* _Task objective_
The listing below should be reproduced exactly, with the pictures omitted.

*** Source data

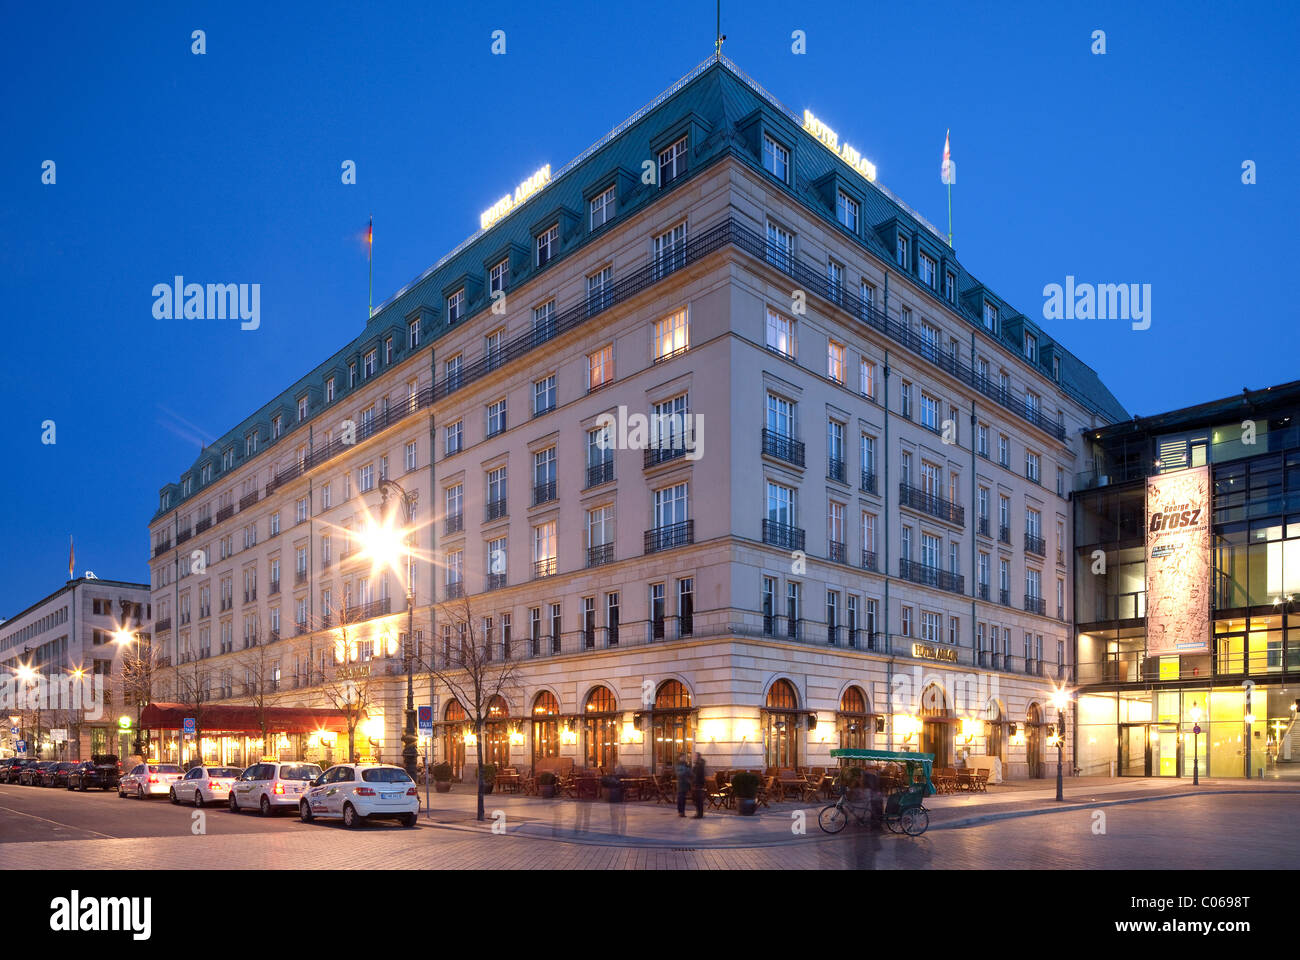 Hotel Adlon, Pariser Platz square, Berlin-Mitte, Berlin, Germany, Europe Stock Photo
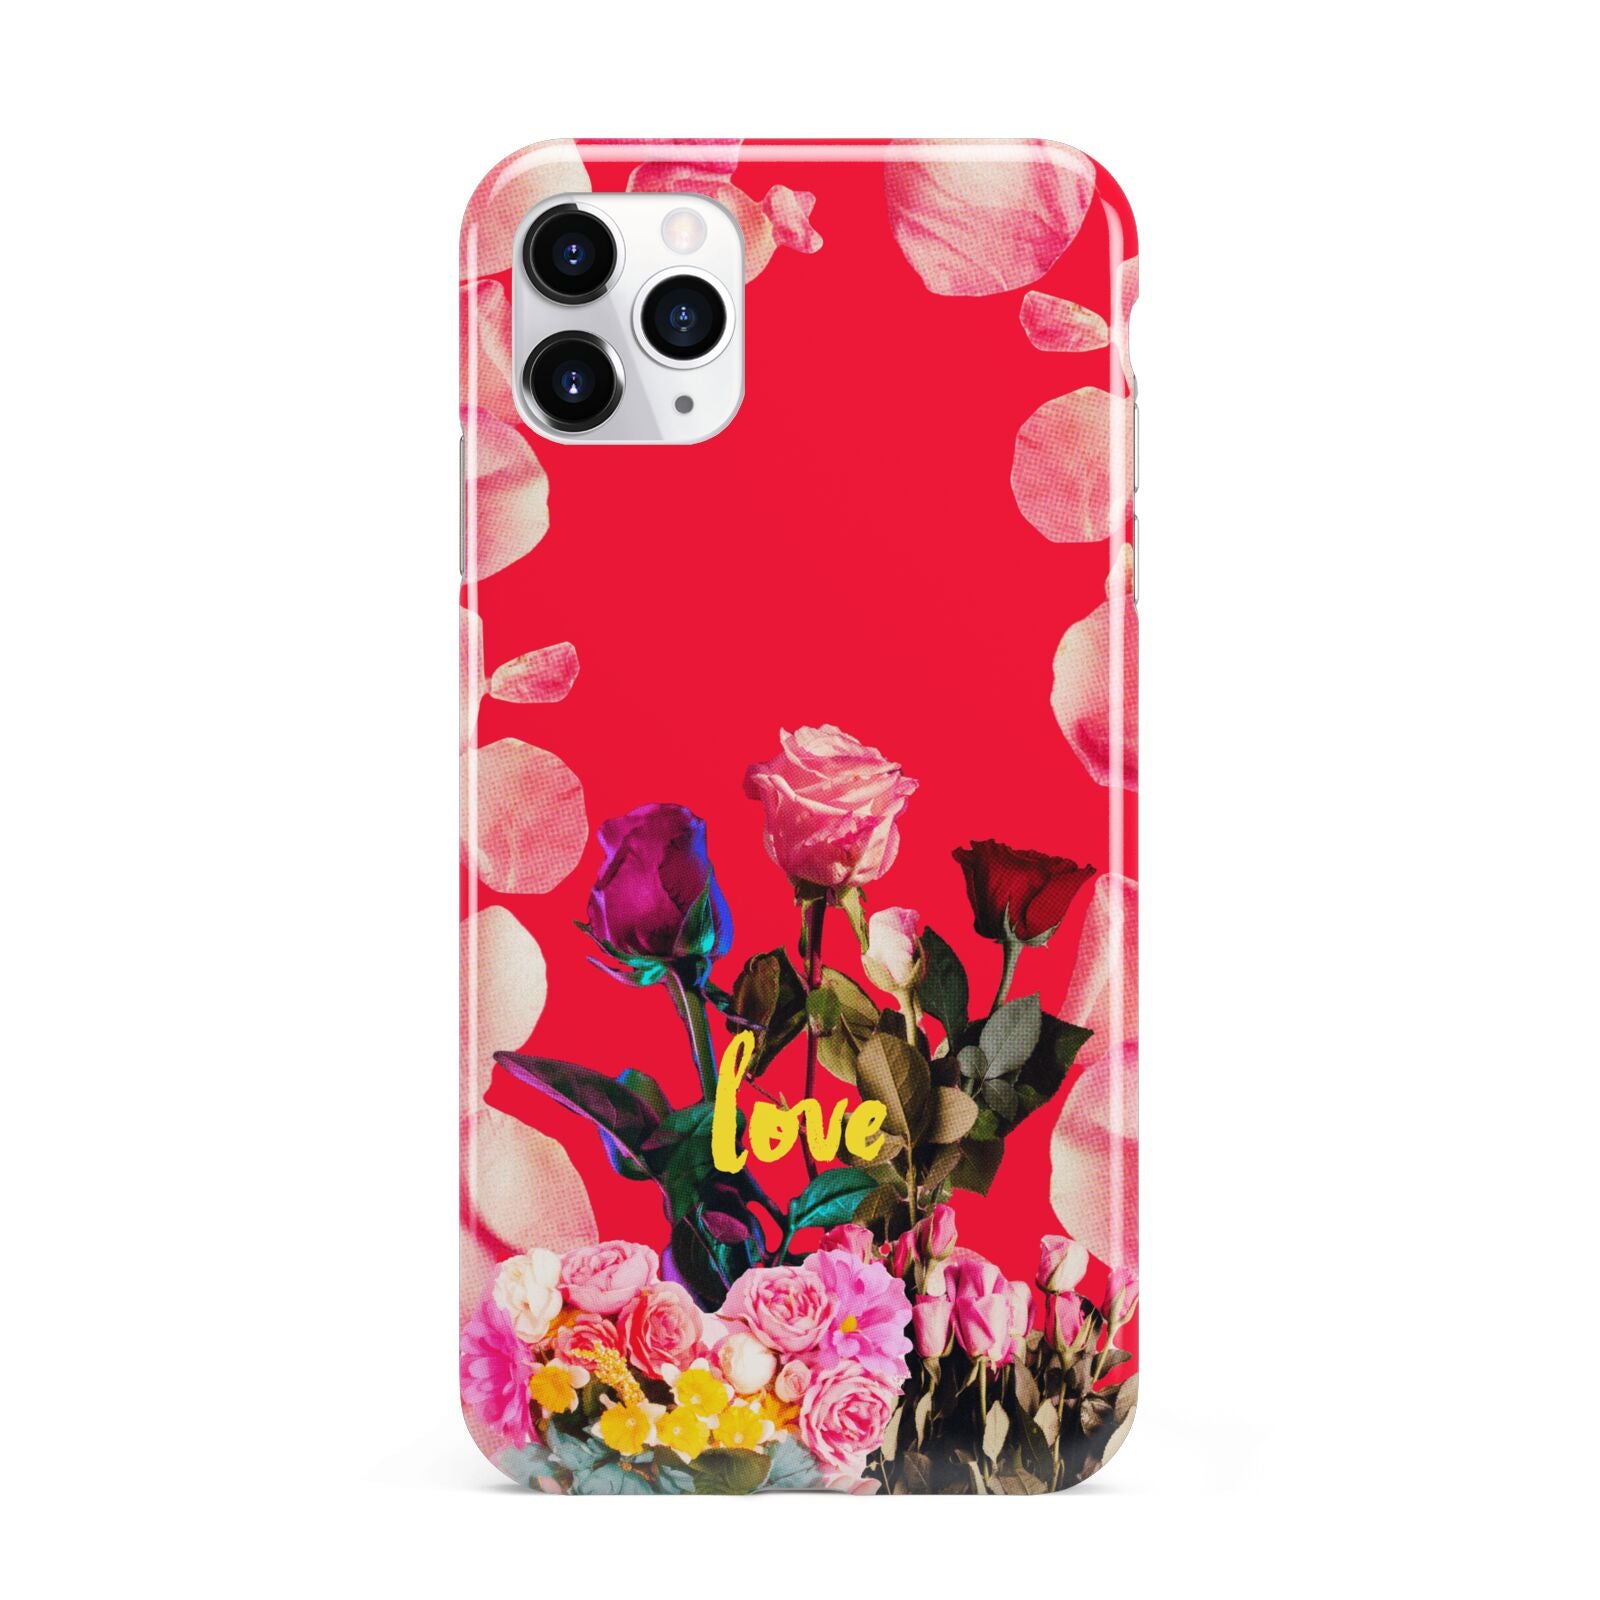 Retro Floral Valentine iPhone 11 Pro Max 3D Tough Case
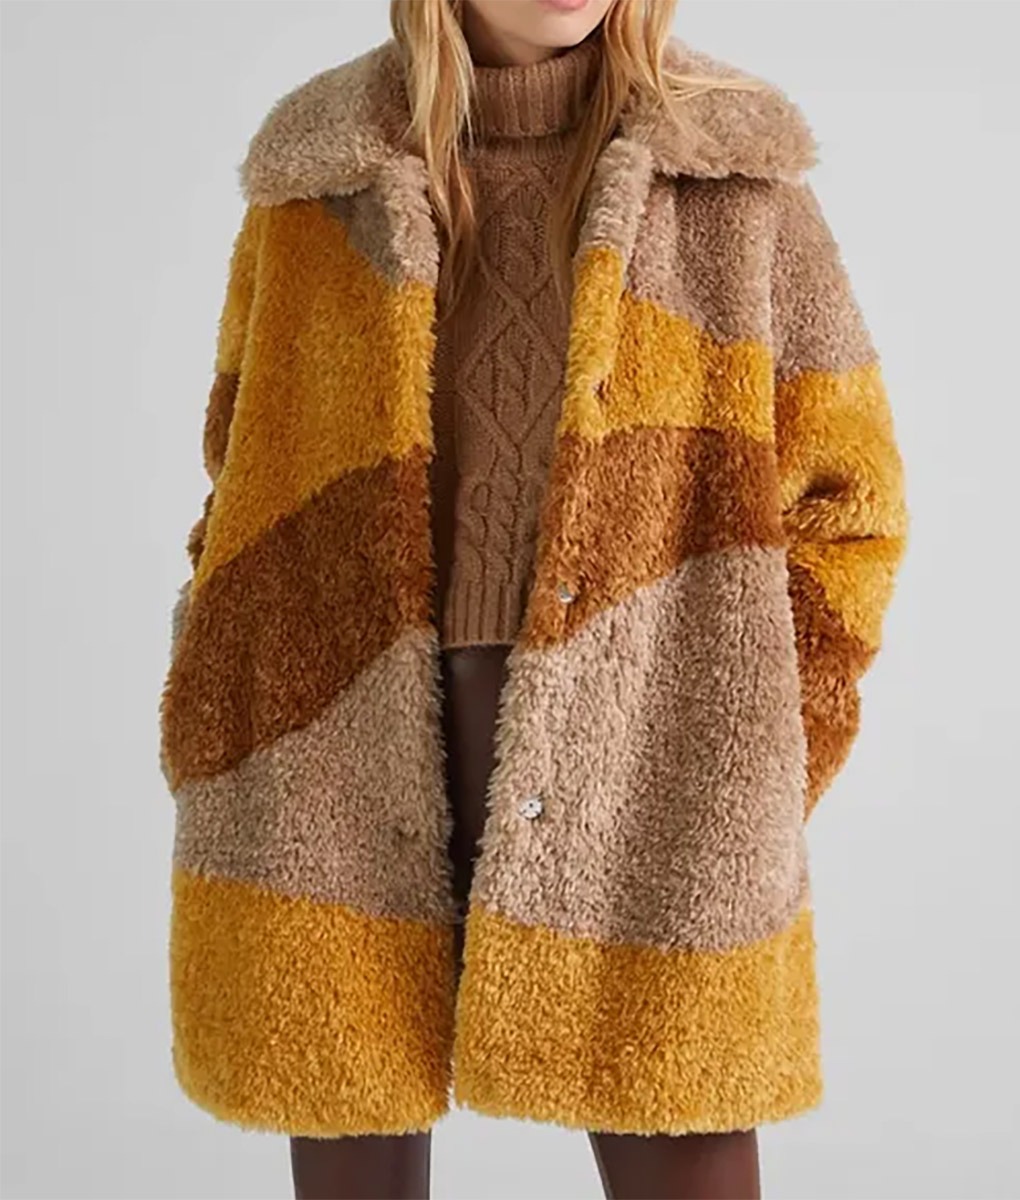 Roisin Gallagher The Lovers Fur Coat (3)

******

* _Exercise solution_
 Hotel Adlon, Pariser Platz square, Berlin-Mitte, Berlin, Germany, Europe Stock Photo
 Retro Floral Valentine iPhone 11 Pro Max 3D Tough Case
 Roisin Gallagher The Lovers Fur Coat (3)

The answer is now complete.